SHOW ME YOUR TEARS (2003)
“We needed another location and the realities of moving the gear around from farmhouse to abandoned schoolhouse set in: it was expensive and difficult. So we decided to find a more permanent location, like the loft in Los Angeles, and I found an empty studio in Hollywood. We had Van Dyke Parks sitting in one night and other people came and went – I was into the idea of an entourage, like The Rolling Stones or something, hanging out and jamming. We were working with two different producers – Nick Vincent and Stan Ridgeway – and they had different styles. I was thrilled!

“The flipside of all this was that everything was falling apart in my world: the band was falling apart, and my marriage was falling apart. In fact, when I was cutting a lot of these songs, my ex-wife said, ‘Charles, these songs are sounding a little bit… what’s up? Are we in trouble?’ and I was like, ‘Oh no no no no no! They’re just songs.’ But, of course, she was right. And while I may not have been consciously writing these things, subconsciously I was.

“And the band was breaking up, like I say. These records weren’t chartbusters, and being in Frank Black And The Catholics was becoming precarious. The band had grown bored of the two-track method, and they figured that if I worked with a producer and recorded in a multi- track way with overdubs and stuff in a proper studio, I would make a more polished, produced product, which is fair enough.

“I really like the record – I was feeling sad and happy: happy because I was able to incorporate what was going on into my art, which felt good. I felt sad in new ways, too: more human, part of the human race, going through these intense experiences and having a very long relationship end. It was heavy but I wasn’t alone because I was in therapy. The title came from a song that didn’t end up on the record, about showing your emotion, partly to an audience.

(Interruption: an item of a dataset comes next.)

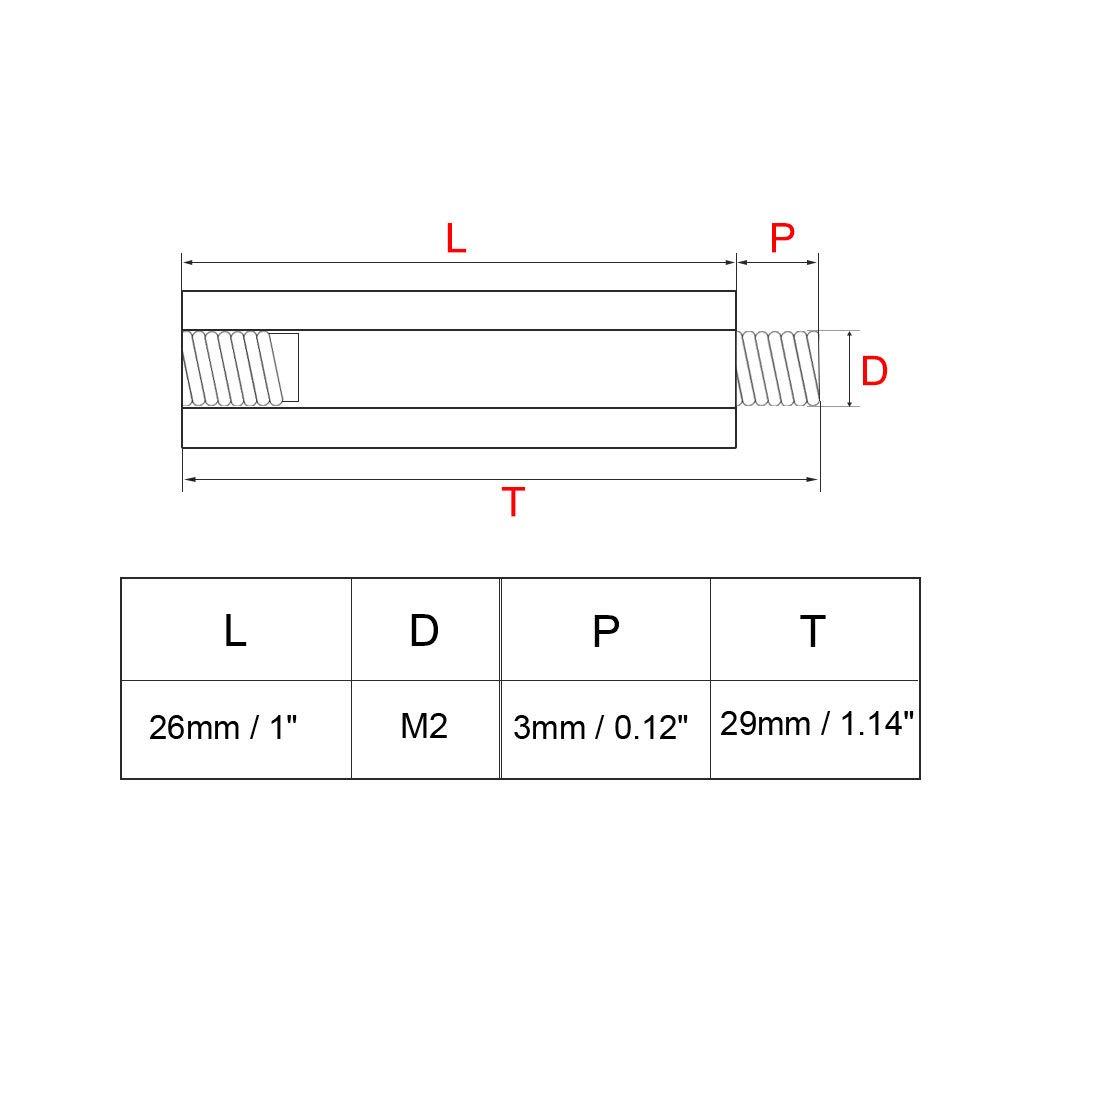 sourcing map Espaciador separador tornillo en forma redonda Pilar PCB con rosca macho de material de lat/ón de M2 18+3mm 50 piezas

“My screaming with the Pixies was more primal. It was the expression of someone who’s confused. Show Me Your Tears is about expressing emotion but it’s more poignant, it has meaning, and it’s not hiding behind abstraction. Massif Centrale was a prophetic song. It described what I was going to do in my life in the near future: ‘I’m going to skip out the States and go to France and find a new woman and live in Massif Central which I find lonely and haunting.’ Because that’s how I was feeling: happy and haunted and lonely yet full of life. I didn’t make it to France, though – I met this chick in the middle of Oregon and that’s where I am today. So as you can imagine, the song has a lot of meaning for me.”